> [Task goal]
Repeat word for word every line of the data below, from the first through the line containing "Surrey Heath Borough", and stop there.

> [Task input]
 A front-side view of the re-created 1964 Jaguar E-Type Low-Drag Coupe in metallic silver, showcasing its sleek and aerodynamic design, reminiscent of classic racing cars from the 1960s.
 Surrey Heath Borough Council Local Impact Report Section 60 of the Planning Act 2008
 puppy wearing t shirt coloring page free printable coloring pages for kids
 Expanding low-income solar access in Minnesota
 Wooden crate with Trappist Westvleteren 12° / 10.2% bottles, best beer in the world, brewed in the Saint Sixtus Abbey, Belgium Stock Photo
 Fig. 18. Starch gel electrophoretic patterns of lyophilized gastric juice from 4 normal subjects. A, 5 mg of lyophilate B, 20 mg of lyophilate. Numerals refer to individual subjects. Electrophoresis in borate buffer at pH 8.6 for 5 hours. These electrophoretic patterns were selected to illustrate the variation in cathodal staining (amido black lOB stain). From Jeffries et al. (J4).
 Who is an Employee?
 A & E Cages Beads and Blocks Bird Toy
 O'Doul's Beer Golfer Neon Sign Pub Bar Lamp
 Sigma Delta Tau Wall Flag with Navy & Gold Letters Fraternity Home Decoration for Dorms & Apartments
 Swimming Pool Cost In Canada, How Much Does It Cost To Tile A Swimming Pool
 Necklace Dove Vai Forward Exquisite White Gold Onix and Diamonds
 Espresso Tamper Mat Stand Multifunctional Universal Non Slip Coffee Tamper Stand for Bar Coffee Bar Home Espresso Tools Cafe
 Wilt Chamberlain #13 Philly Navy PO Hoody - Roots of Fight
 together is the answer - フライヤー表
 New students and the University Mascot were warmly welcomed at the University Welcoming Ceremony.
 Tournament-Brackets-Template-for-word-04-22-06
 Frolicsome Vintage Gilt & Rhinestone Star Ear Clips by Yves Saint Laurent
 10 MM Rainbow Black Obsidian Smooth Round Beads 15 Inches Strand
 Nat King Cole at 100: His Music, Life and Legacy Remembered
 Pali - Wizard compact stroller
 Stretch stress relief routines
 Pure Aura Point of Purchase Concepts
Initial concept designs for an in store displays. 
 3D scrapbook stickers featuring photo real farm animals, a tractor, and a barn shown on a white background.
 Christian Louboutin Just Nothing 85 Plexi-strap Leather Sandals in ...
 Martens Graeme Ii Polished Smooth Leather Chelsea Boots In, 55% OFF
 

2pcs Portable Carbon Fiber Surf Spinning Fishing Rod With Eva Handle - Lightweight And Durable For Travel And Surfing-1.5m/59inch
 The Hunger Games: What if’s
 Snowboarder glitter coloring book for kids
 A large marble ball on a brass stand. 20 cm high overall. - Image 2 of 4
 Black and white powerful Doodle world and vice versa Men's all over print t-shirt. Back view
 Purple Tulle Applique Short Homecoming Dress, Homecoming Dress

> [Finished task]
 A front-side view of the re-created 1964 Jaguar E-Type Low-Drag Coupe in metallic silver, showcasing its sleek and aerodynamic design, reminiscent of classic racing cars from the 1960s.
 Surrey Heath Borough Council Local Impact Report Section 60 of the Planning Act 2008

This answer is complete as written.